Work and Economic life
Dr Ben Baumberg, Dr. Heejung Chung, Steve Roberts, Dr Dawn Lyon, Professor Tim Strangleman, Professor Sarah Vickerstaff
The study of work, once the mainstay of sociology, is witnessing a revival. There is keen interest in the material and institutional conditions of everyday working lives in the context of the global economic crisis, and a renewed focus on the inequalities that underlie who gets what kinds of work and employment opportunities. The University of Kent has a long tradition of scholarship in the sociology of work and economic sociology more generally, including in all its social policy dimensions. Within the School of Sociology, Social Policy and Social Research, the Work, Employment and Economic Life cluster brings together work scholars who have built upon Kent's legacy in new and exciting ways, both in the sorts of topics we research and in the ways that we study them. There are opportunities for postgraduate projects in relation to labour market policy, precarity in work, work/life balance and wider aspects of the importance of work in the constitution of social identities.
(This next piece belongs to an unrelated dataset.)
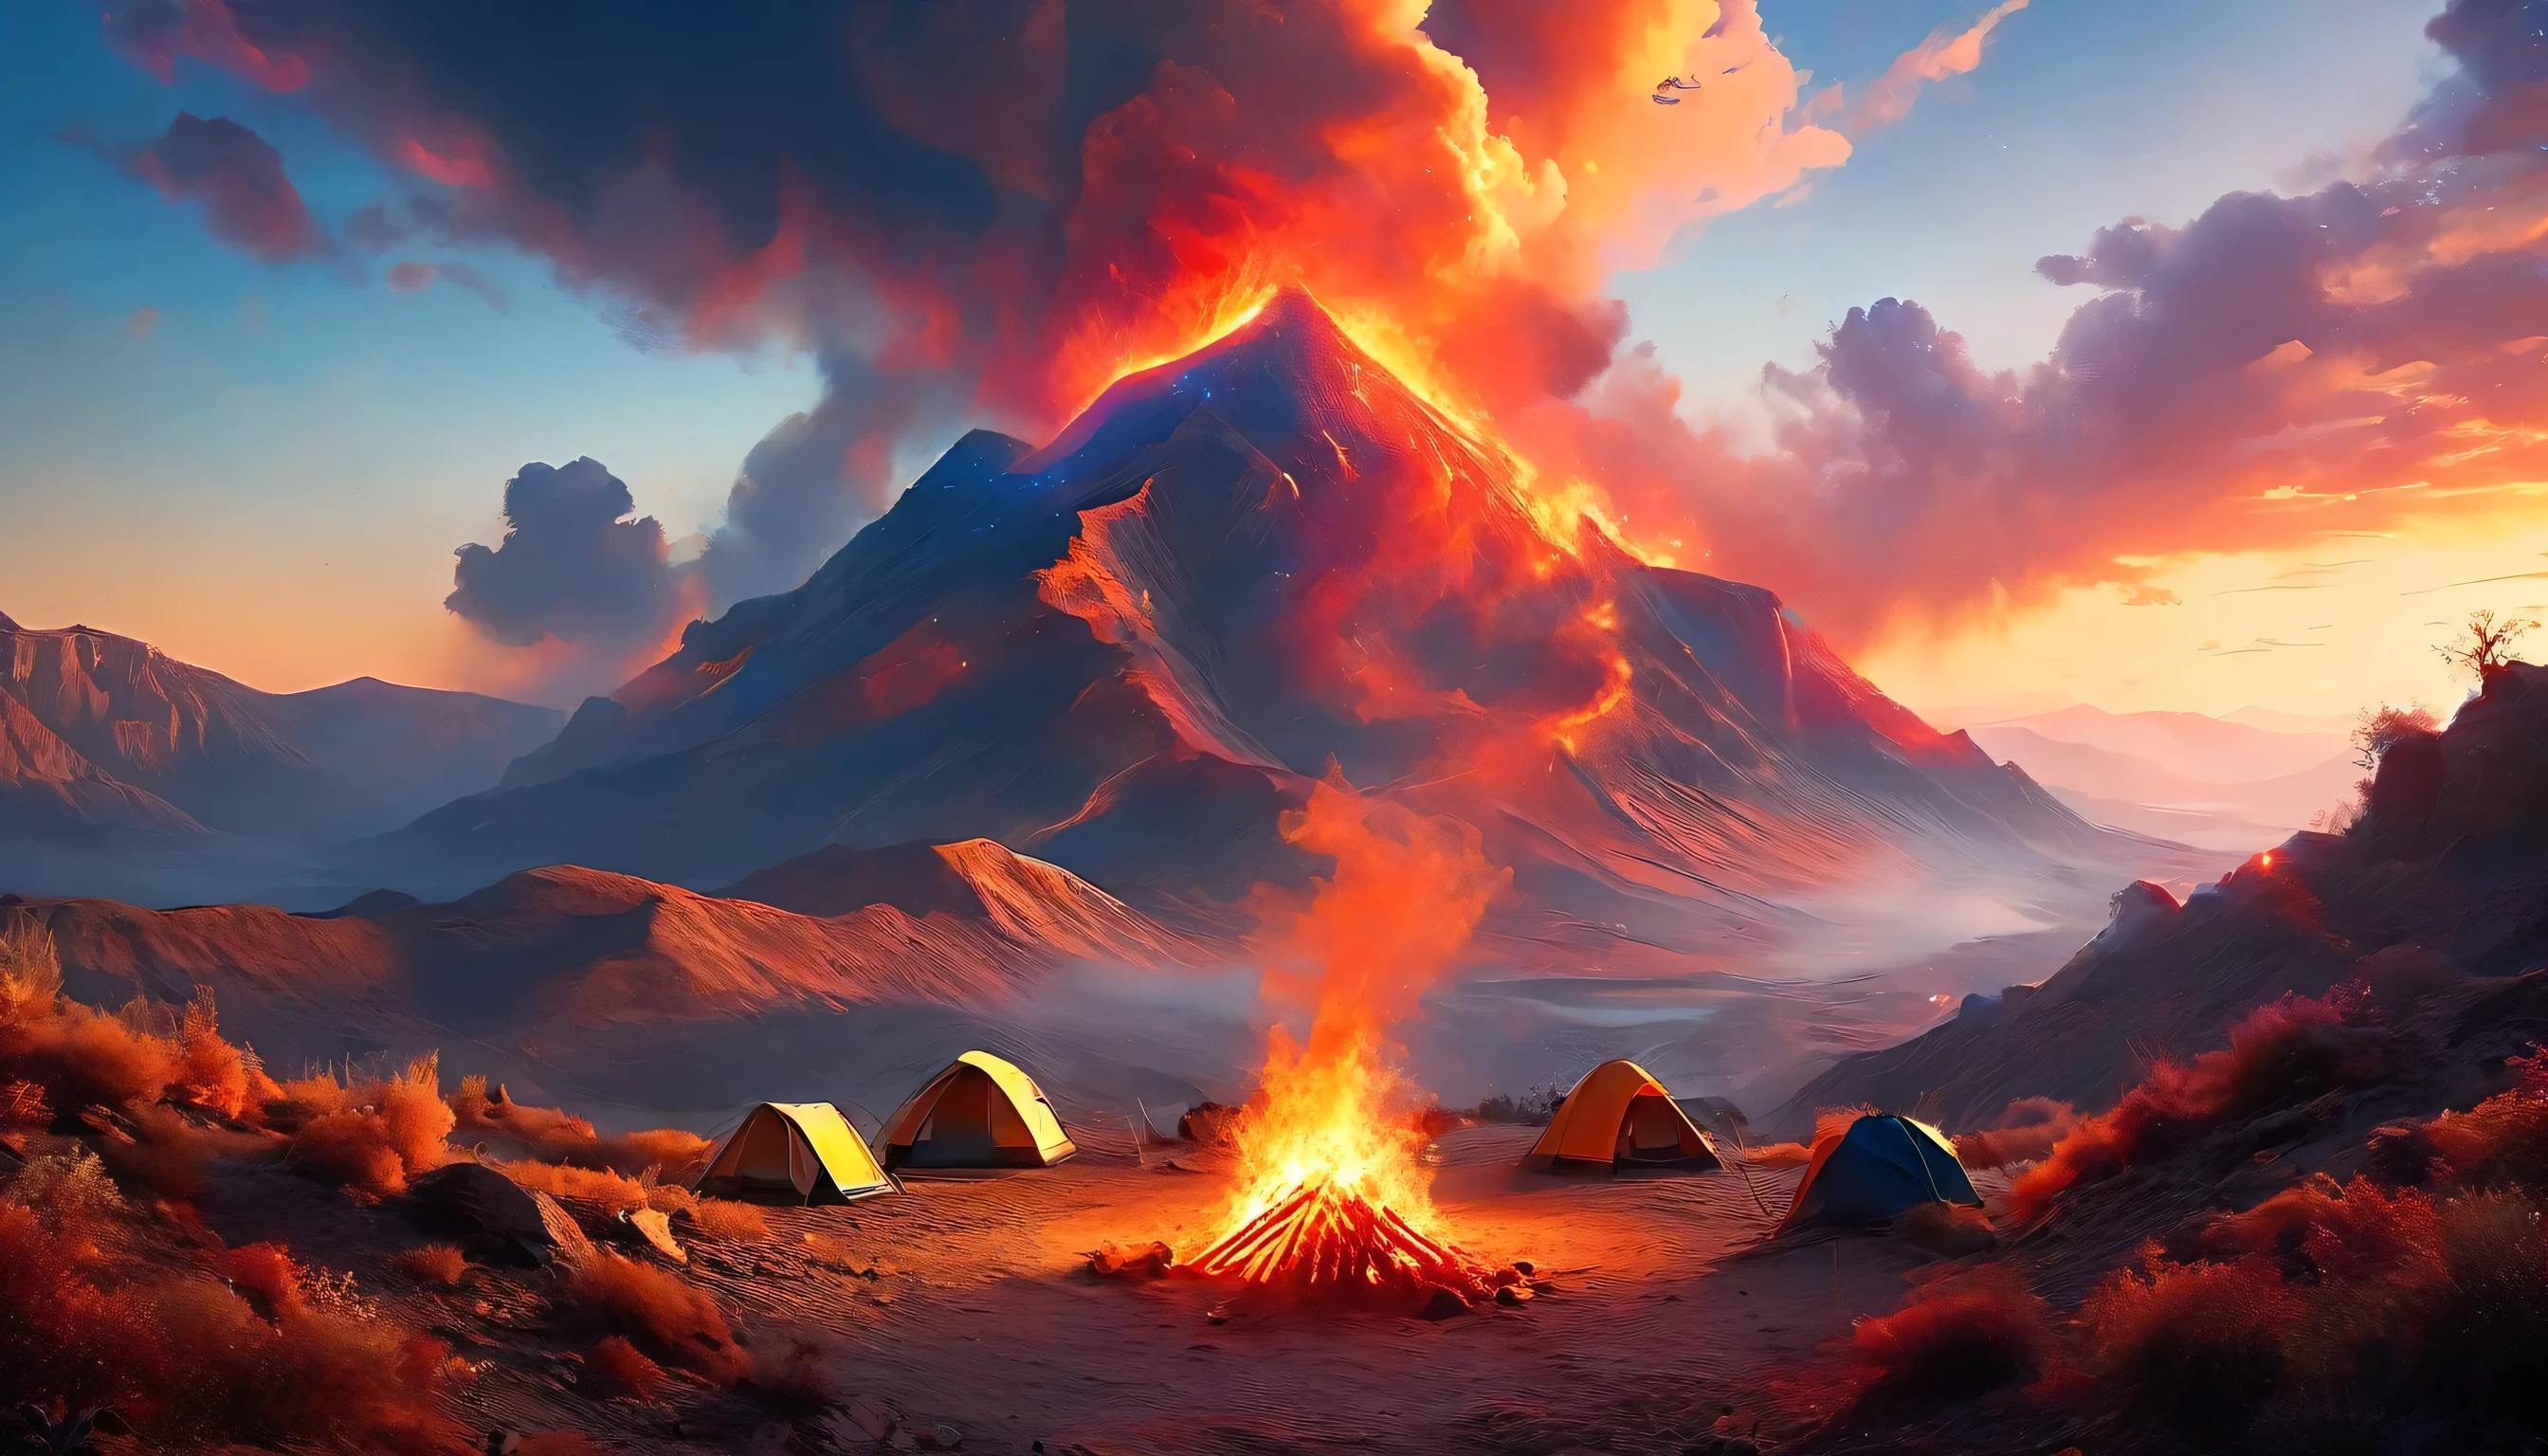 arafed, uma foto de um acampamento (tent: 1.2) e pequeno (fogueira: 1,2), no topo de uma montanha deserta, seu pôr do sol o céu está em vários tons de  (vermelho: 1.1), (laranja: 1.1), (Azul: 1.1) (roxo:1.1) há fumaça subindo do acampamento de bombeiros, há uma vista magnífica do desfiladeiro do deserto e das ravinas, há árvores esparsas no horizonte, é um momento de serenidade, paz, e relaxamento, melhor qualidade, 16k,  fotorrealismo, Sessão fotográfica vencedora do prêmio National Geographic, foto ultra ampla, Nebulosa Furiosa, senhora sombra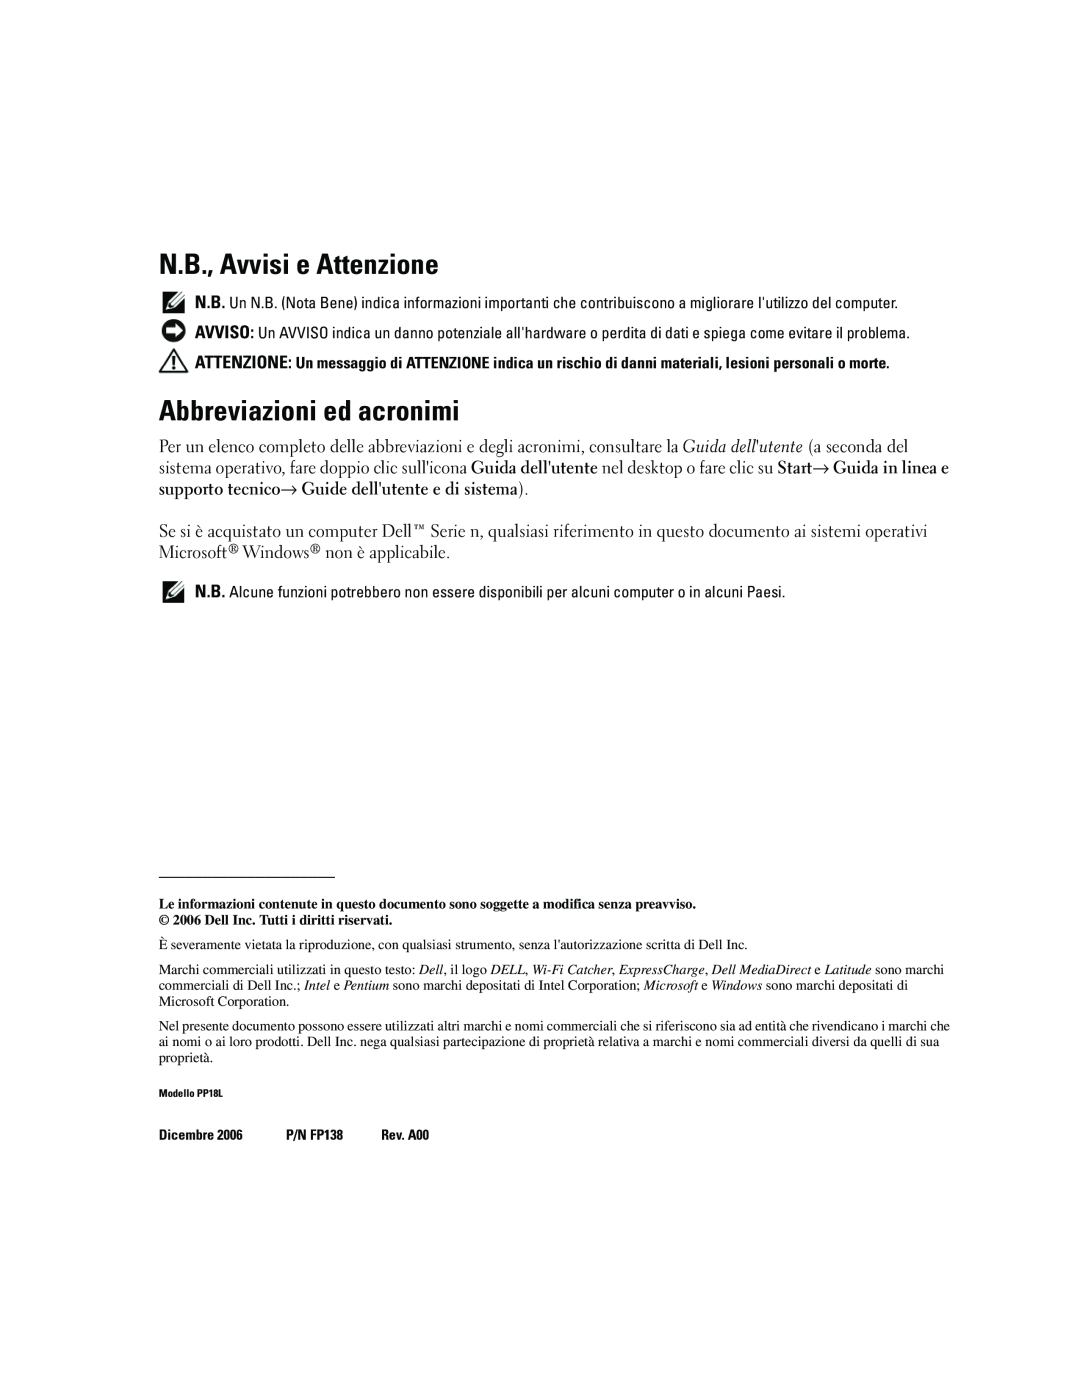 Dell ATG D620 manual N.B., Avvisi e Attenzione, Abbreviazioni ed acronimi

View Work, Employment and Economic Life research cluster web-page
Individual Staff Research
In addition to these groupings, there are also certain individual staff research interests in other areas where postgraduate applications would be welcome.
These include the social politics of food (Professor Julia Twigg), social security (Dr Lavinia Mitton), and popular knowledges, secrecy and transparency (Dr Clare Birchall).
MA, MPhil, PhD: a good honours degree in the social sciences, an interest in the chosen topic area, and a clear idea of your proposed thesis topic.In the case of research in health studies and personal social services we will also consider candidates with professional qualifications alone and/or relevant experience in the health service.